■ **Recorded information**
====

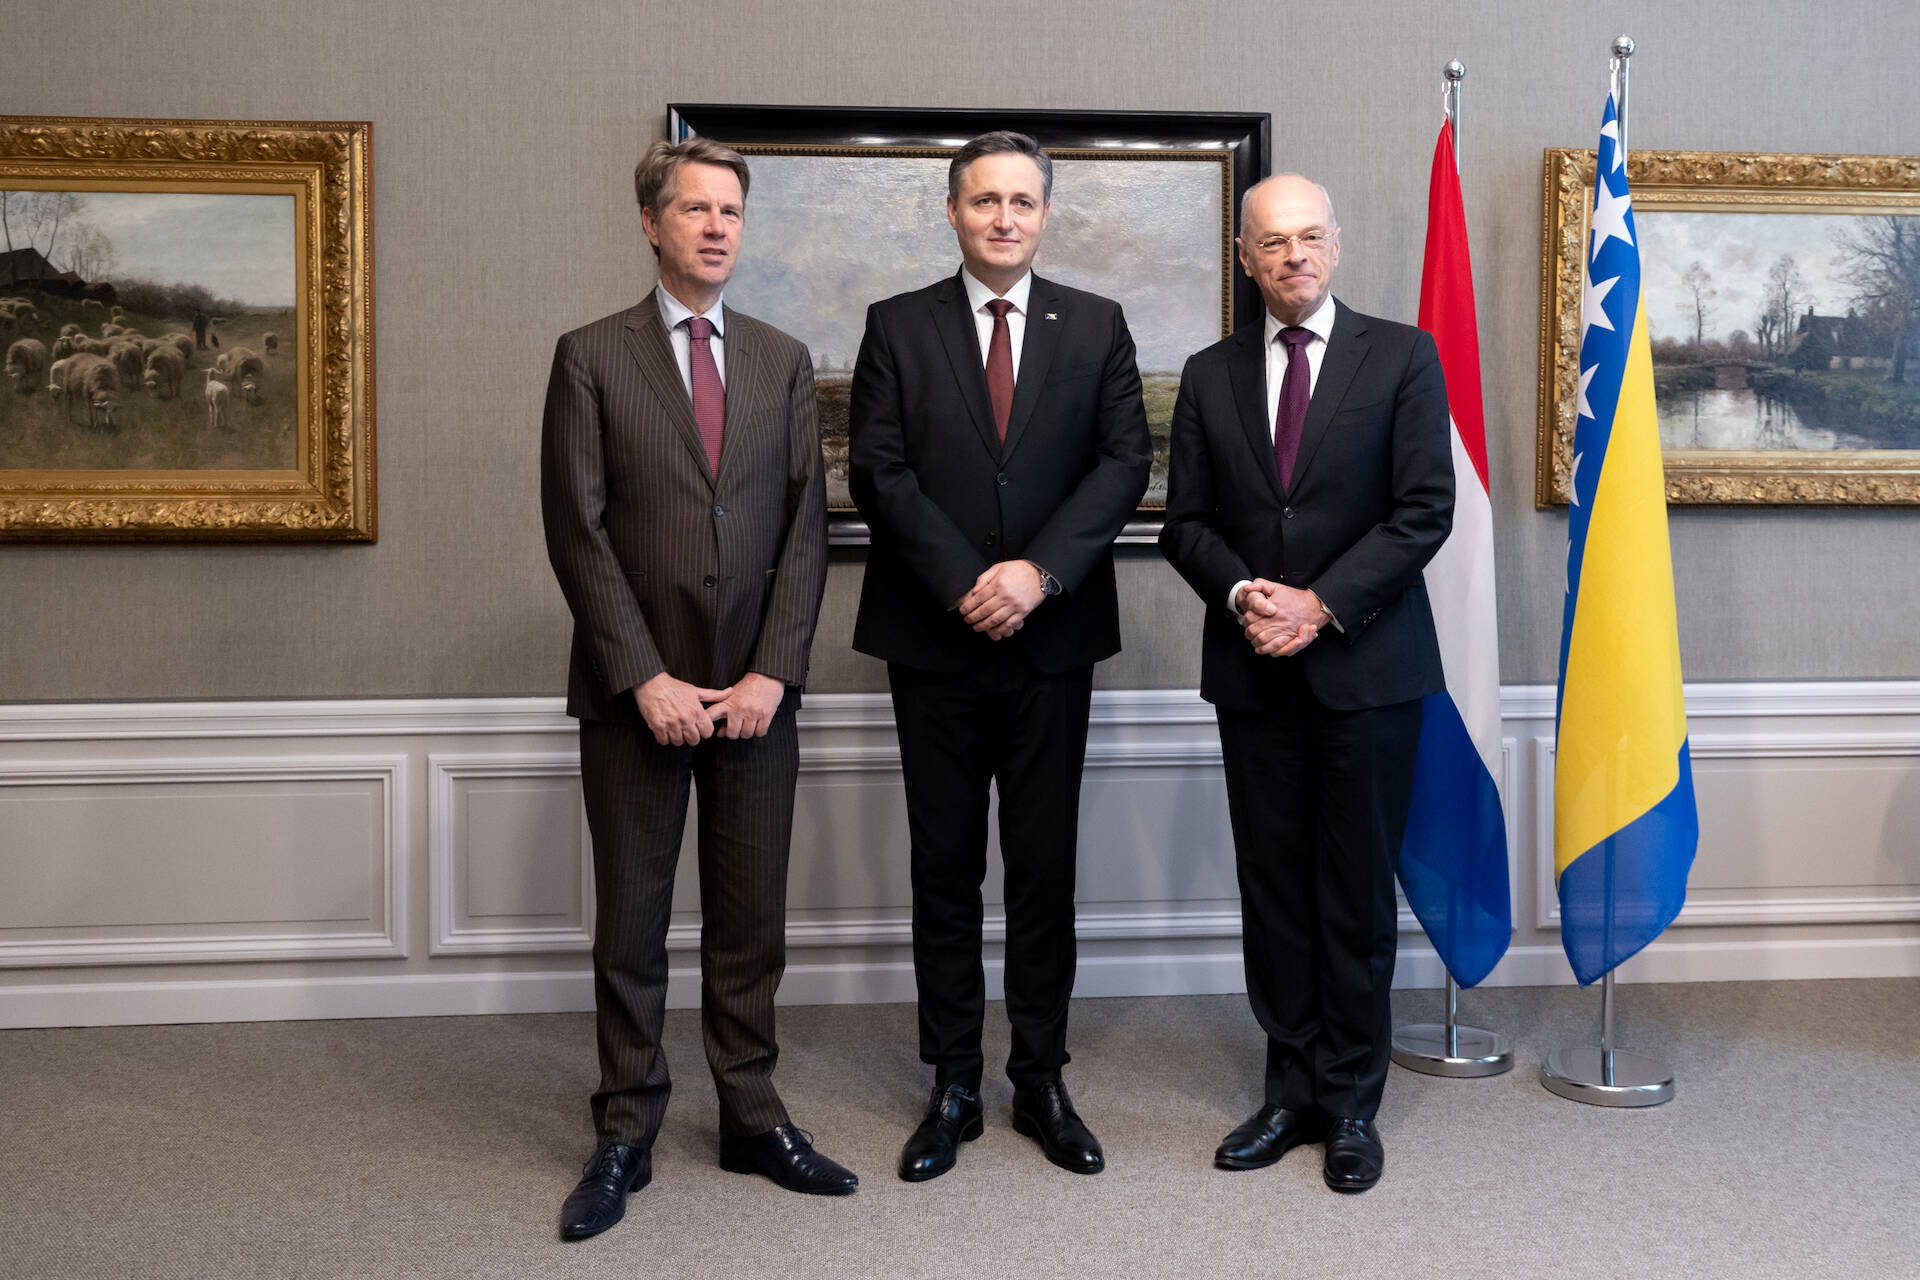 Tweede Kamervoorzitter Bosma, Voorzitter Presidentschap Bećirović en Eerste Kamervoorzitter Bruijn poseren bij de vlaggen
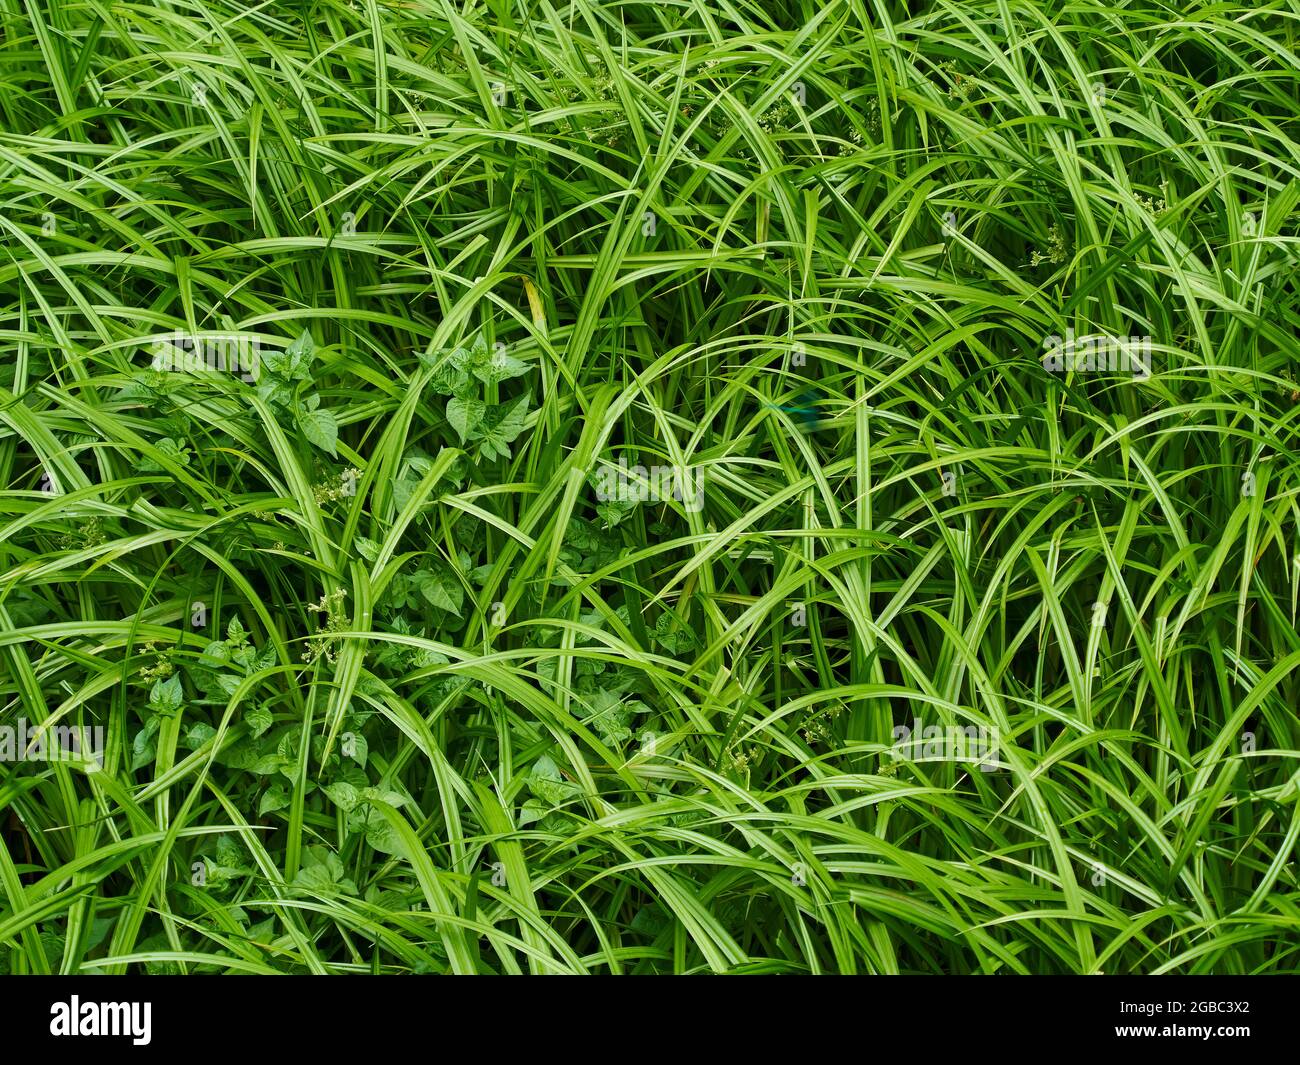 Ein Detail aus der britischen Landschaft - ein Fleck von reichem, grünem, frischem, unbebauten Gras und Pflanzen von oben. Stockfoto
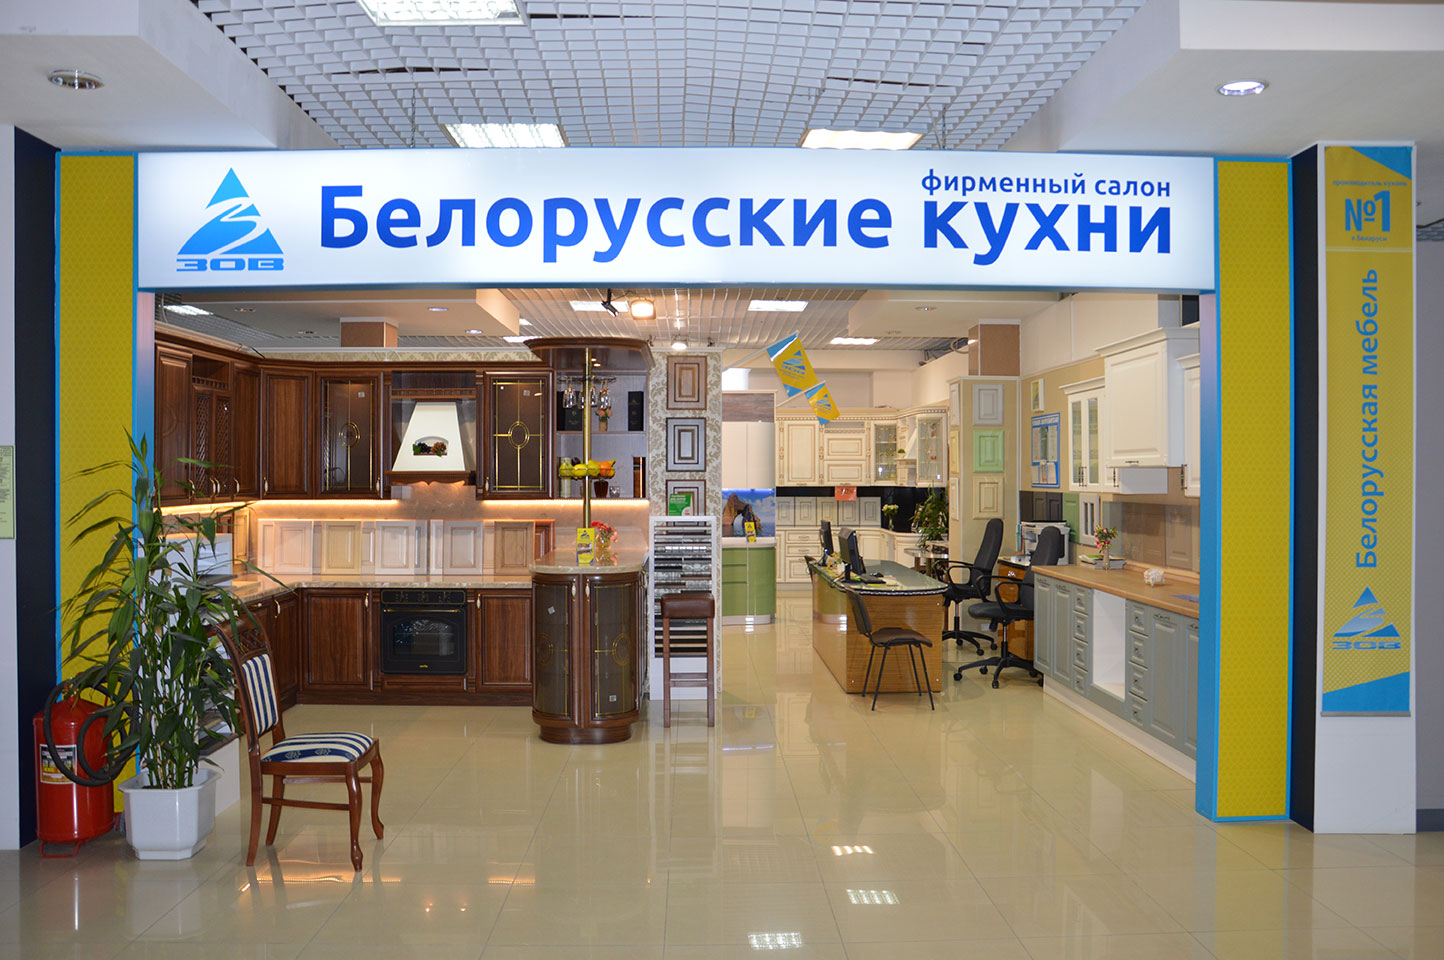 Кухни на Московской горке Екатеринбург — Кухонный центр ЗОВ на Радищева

====

■ **What the exercise asks**
Starting with the line that holds "Ein Detail aus", copy every line exactly through the final line of the material, but skip the pictures.

■ **Solution below**
 Ein Detail aus der britischen Landschaft - ein Fleck von reichem, grünem, frischem, unbebauten Gras und Pflanzen von oben. Stockfoto
 Кухни на Московской горке Екатеринбург — Кухонный центр ЗОВ на Радищева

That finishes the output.